毕业前夕提升系列(二)：Netty总结(10)——Netty编码器

Netty编码器

将我们业务层的对象进行encode操作，转换成byte最终写入到channel中，我们一般需要两步：

1. 实现MessageToByteEncoder 类encode()方法
2. 作为ChannelOutboundHandlerAdapter加入到ChannelPipeline

编码解密

步骤：

1. 类型检查
2. 分配内存
3. 子类实现的具体编码方法
4. 有可能是ByteBuf对象，会释放掉
5. 传播数据

• 入口是重写ChannelHandlerAdapter的write()方法，当写入pipeline的数据传到该ChannelOutboundHandler触发调用。

@Override
public void write(ChannelHandlerContext ctx, Object msg, ChannelPromise promise) throws Exception {
    ByteBuf buf = null;
    try {
        //1. 类型检查,是否是可以接受编码的对象
        if (acceptOutboundMessage(msg)) {
            @SuppressWarnings("unchecked")
            I cast = (I) msg;
            //2. 分配内存
            buf = allocateBuffer(ctx, cast, preferDirect);
            try {
                //3. 子类实现的具体编码方法
                encode(ctx, cast, buf);
            } finally {
                //4. 释放掉
                ReferenceCountUtil.release(cast);
            }

            //5. 传播数据
            if (buf.isReadable()) {
                ctx.write(buf, promise);
            } else {
                buf.release();
                ctx.write(Unpooled.EMPTY_BUFFER, promise);
            }
            buf = null;
        } else {
            ctx.write(msg, promise);
        }
    } catch (EncoderException e) {
        throw e;
    } catch (Throwable e) {
        throw new EncoderException(e);
    } finally {
        if (buf != null) {
            buf.release();
        }
    }
}

1. 类型检查,是否是可以接受编码的对象acceptOutboundMessage(msg)

public boolean acceptOutboundMessage(Object msg) throws Exception {
    return matcher.match(msg);
}

这里的matcher为TypeParameterMatcher接口实现对象，该接口有个match方法，来检测类型参数是否匹配。
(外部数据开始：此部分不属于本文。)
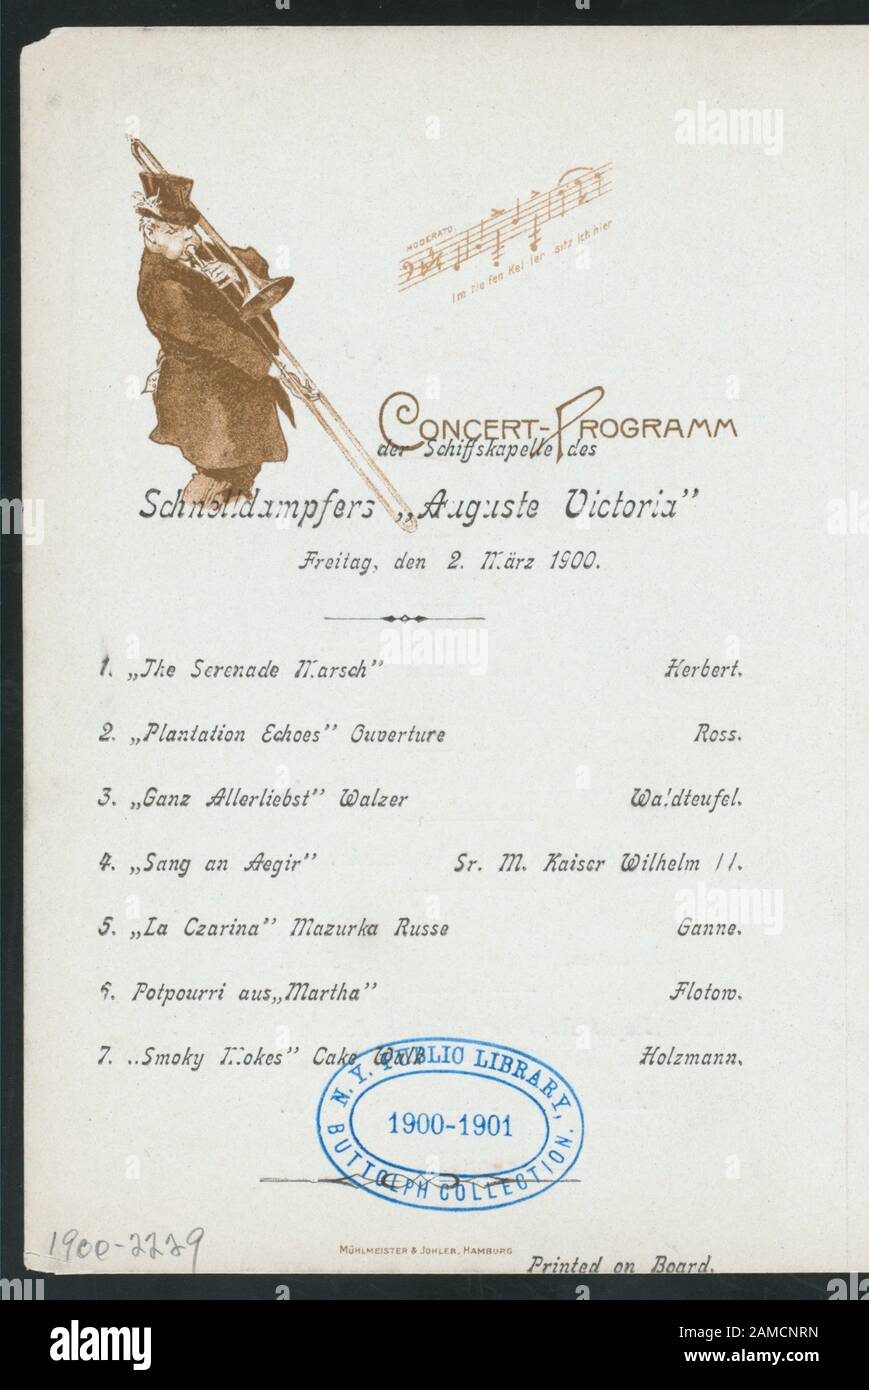 SUPPER (held by) HAMBURG-AMERIKA LINIE (at) SS AUGUSTE VICTORIA (SS;)  MENU LISTED IN GERMAN AND ENGLISH;MUSICIAN PLAYING TROMBONE;PICTURES OF JERUSALEM AND JAFFA;MUSICAL PROGRAM 1900-2229; SUPPER [held by] HAMBURG-AMERIKA LINIE [at] SS AUGUSTE VICTORIA (SS;) Stock Photo

• TypeParameterMatcher#get()

public static TypeParameterMatcher (final Class<?> parameterType) {
    final Map<Class<?>, TypeParameterMatcher> getCache =
        InternalThreadLocalMap.get().typeParameterMatcherGetCache();

    TypeParameterMatcher matcher = getCache.get(parameterType);
    if (matcher == null) {
        if (parameterType == Object.class) {
            matcher = NOOP;
        } else {
            //class自带的isInstance判断类型
            matcher = new ReflectiveMatcher(parameterType);
        }
        getCache.put(parameterType, matcher);
    }

    return matcher;
}

2. 分配内存

protected ByteBuf allocateBuffer(ChannelHandlerContext ctx, @SuppressWarnings("unused") I msg,
                               boolean preferDirect) throws Exception {
    	//默认是true，分配堆外内存
        if (preferDirect) {
            return ctx.alloc().ioBuffer();
        } else {
            return ctx.alloc().heapBuffer();
        }
}

5. 传播数据

AbstractChannelHandlerContext#write()

@Override
public ChannelFuture write(final Object msg, final ChannelPromise promise) {
    if (msg == null) {
        throw new NullPointerException("msg");
    }

    try {
        if (isNotValidPromise(promise, true)) {
            ReferenceCountUtil.release(msg);
            // cancelled
            return promise;
        }
    } catch (RuntimeException e) {
        ReferenceCountUtil.release(msg);
        throw e;
    }
    write(msg, false, promise);

    return promise;
}

private void write(Object msg, boolean flush, ChannelPromise promise) {
    //5.1 找到下一个outbound的ctx
    AbstractChannelHandlerContext next = findContextOutbound();
    //5.2 touch：记录一下内存的写入位置
    final Object m = pipeline.touch(msg, next);
    EventExecutor executor = next.executor();
    //5.3 最终调用下一个ctx重写的write
    if (executor.inEventLoop()) {
        if (flush) {
            next.invokeWriteAndFlush(m, promise);
        } else {
            next.invokeWrite(m, promise);
        }
    } else {
        final AbstractWriteTask task;
        if (flush) {
            task = WriteAndFlushTask.newInstance(next, m, promise);
        }  else {
            task = WriteTask.newInstance(next, m, promise);
        }
        if (!safeExecute(executor, task, promise, m)) {
            // We failed to submit the AbstractWriteTask. We need to cancel it so we decrement the pending bytes
            // and put it back in the Recycler for re-use later.
            //
            // See https://github.com/netty/netty/issues/8343.
            task.cancel();
        }
    }
}

5.3 最终调用下一个ctx重写的write()

AbstractChannelHandlerContext#invokeWrite0()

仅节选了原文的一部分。